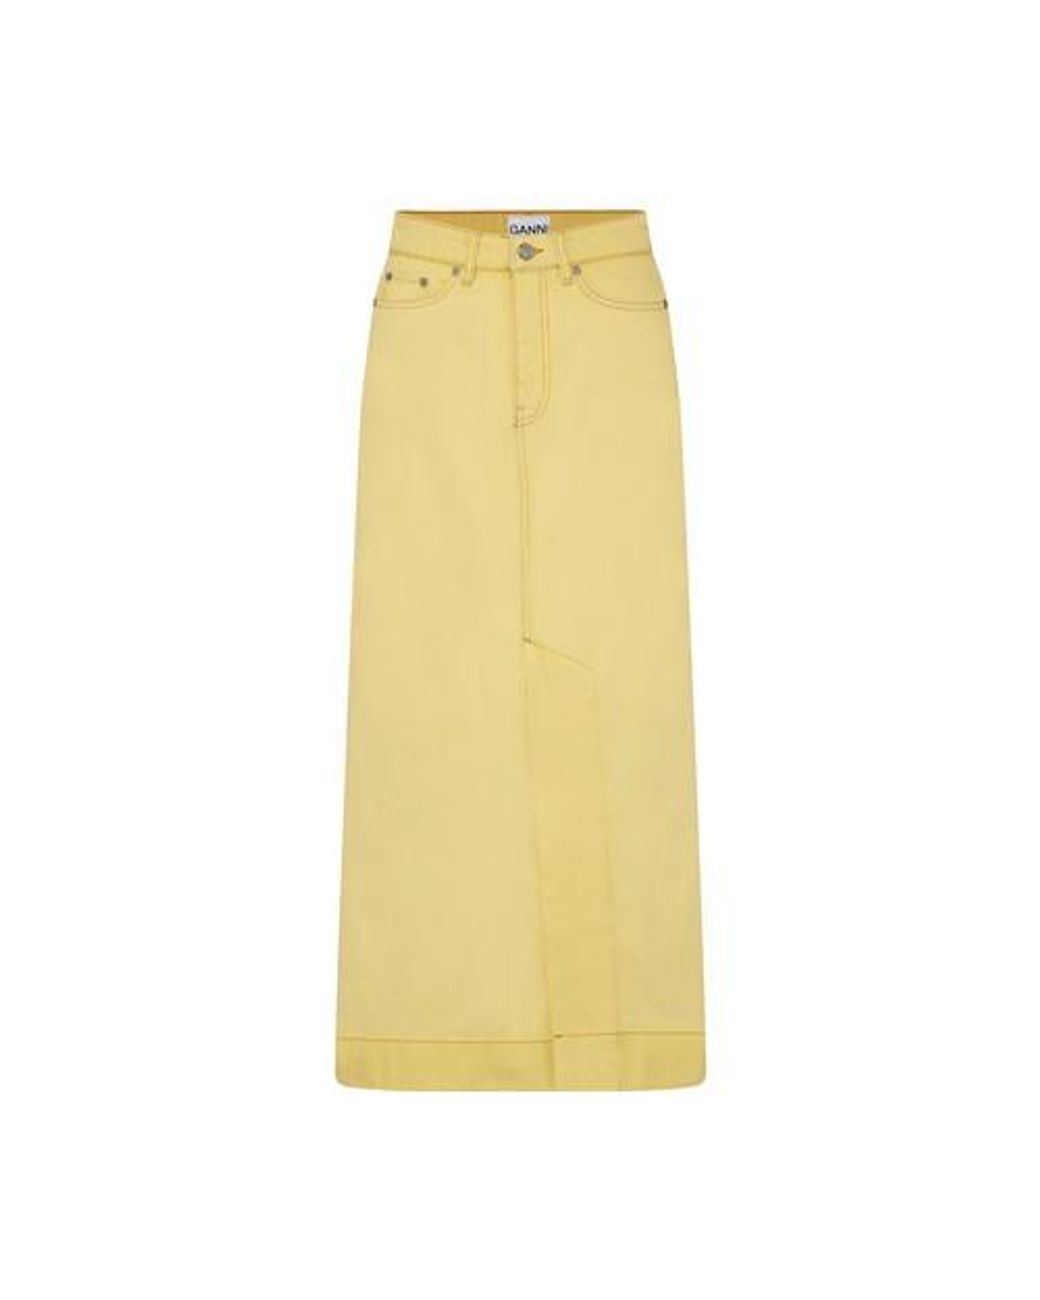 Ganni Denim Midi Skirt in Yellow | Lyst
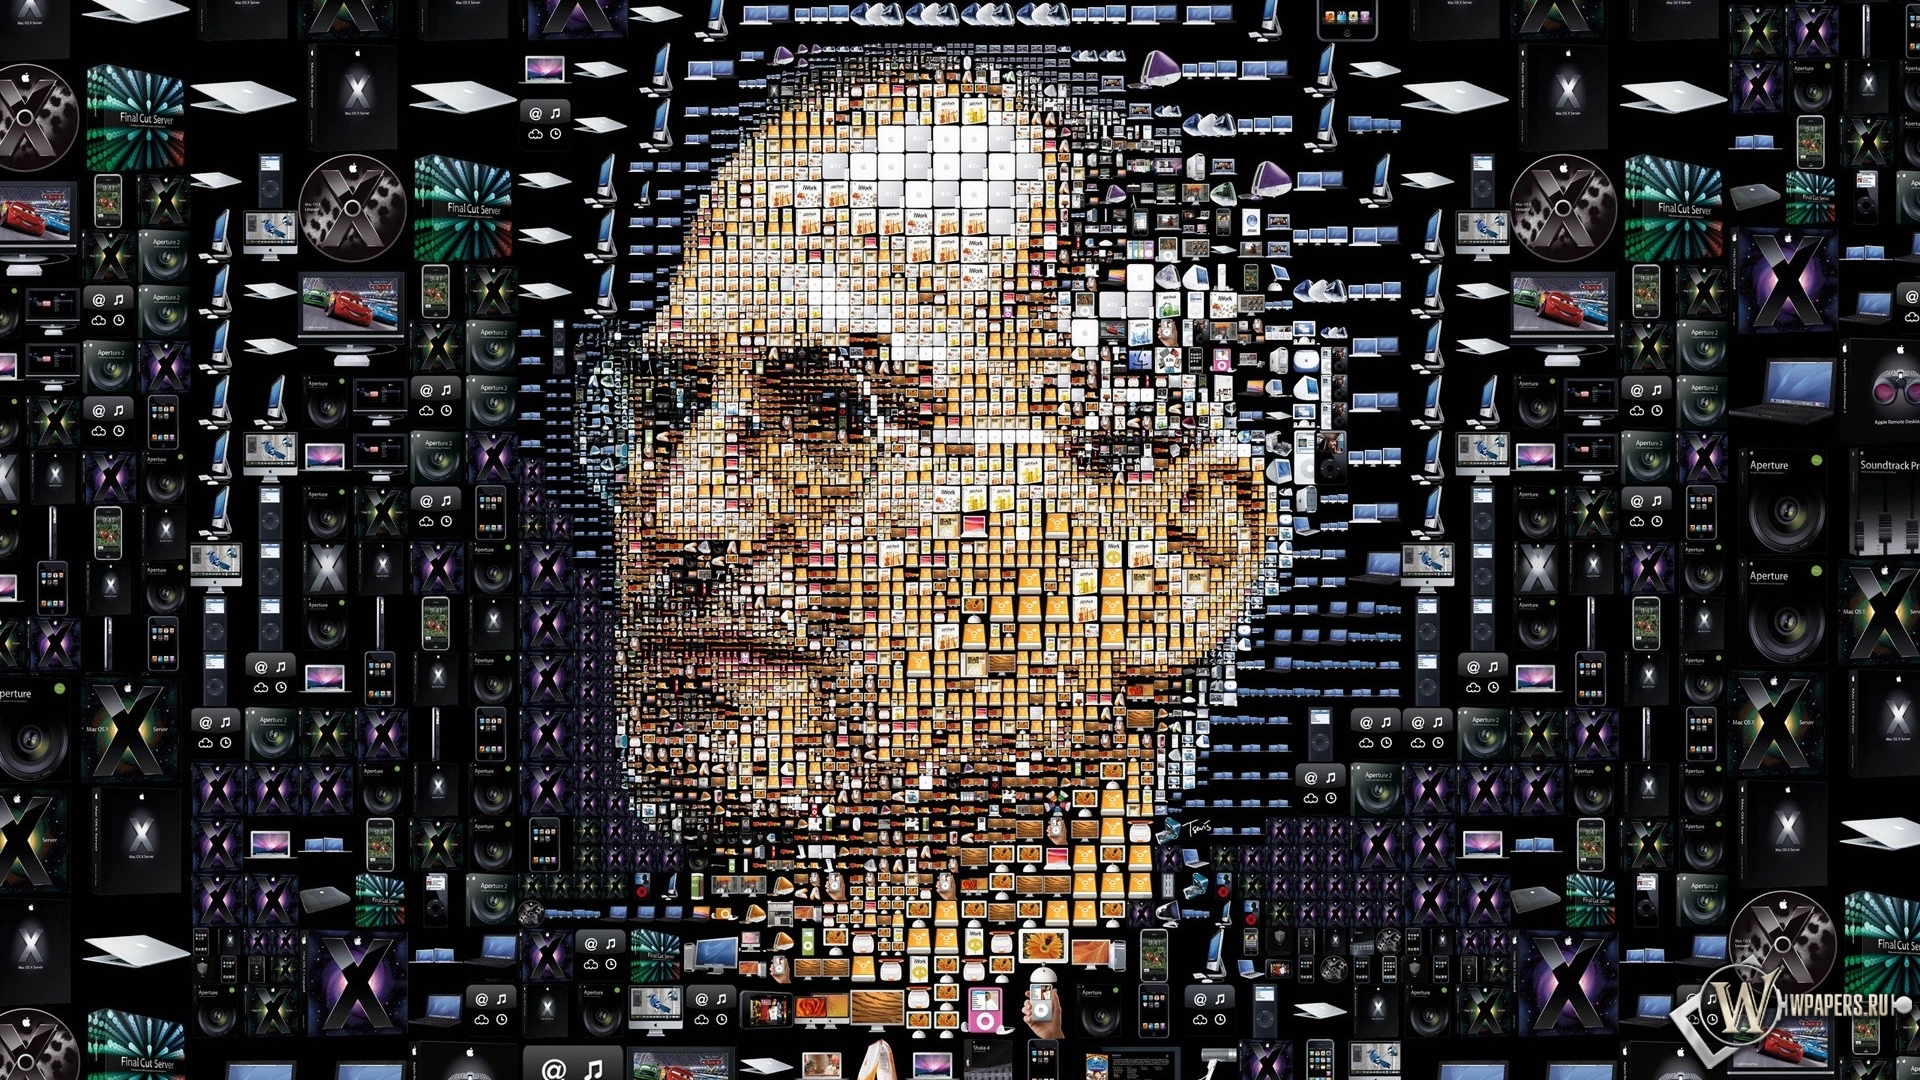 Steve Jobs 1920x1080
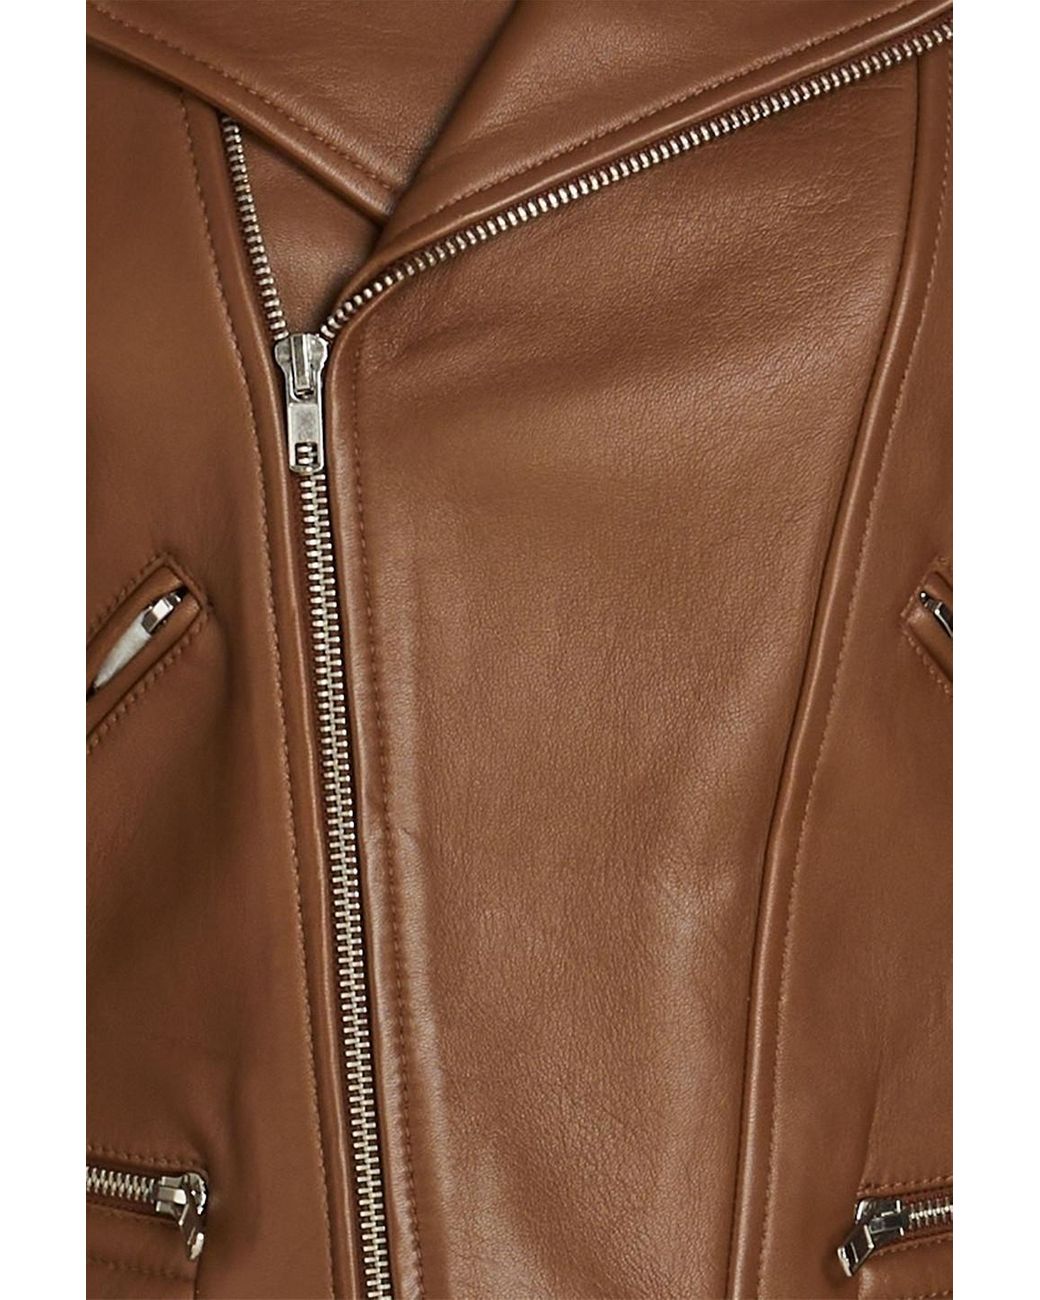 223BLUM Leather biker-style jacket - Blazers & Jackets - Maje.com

Work to complete —
Repeat the listing above verbatim, but exclude the pictures it contains.

Exercise solution —
 Ganni Denim Midi Skirt in Yellow | Lyst
 Steve Jobs 1920x1080
 223BLUM Leather biker-style jacket - Blazers & Jackets - Maje.com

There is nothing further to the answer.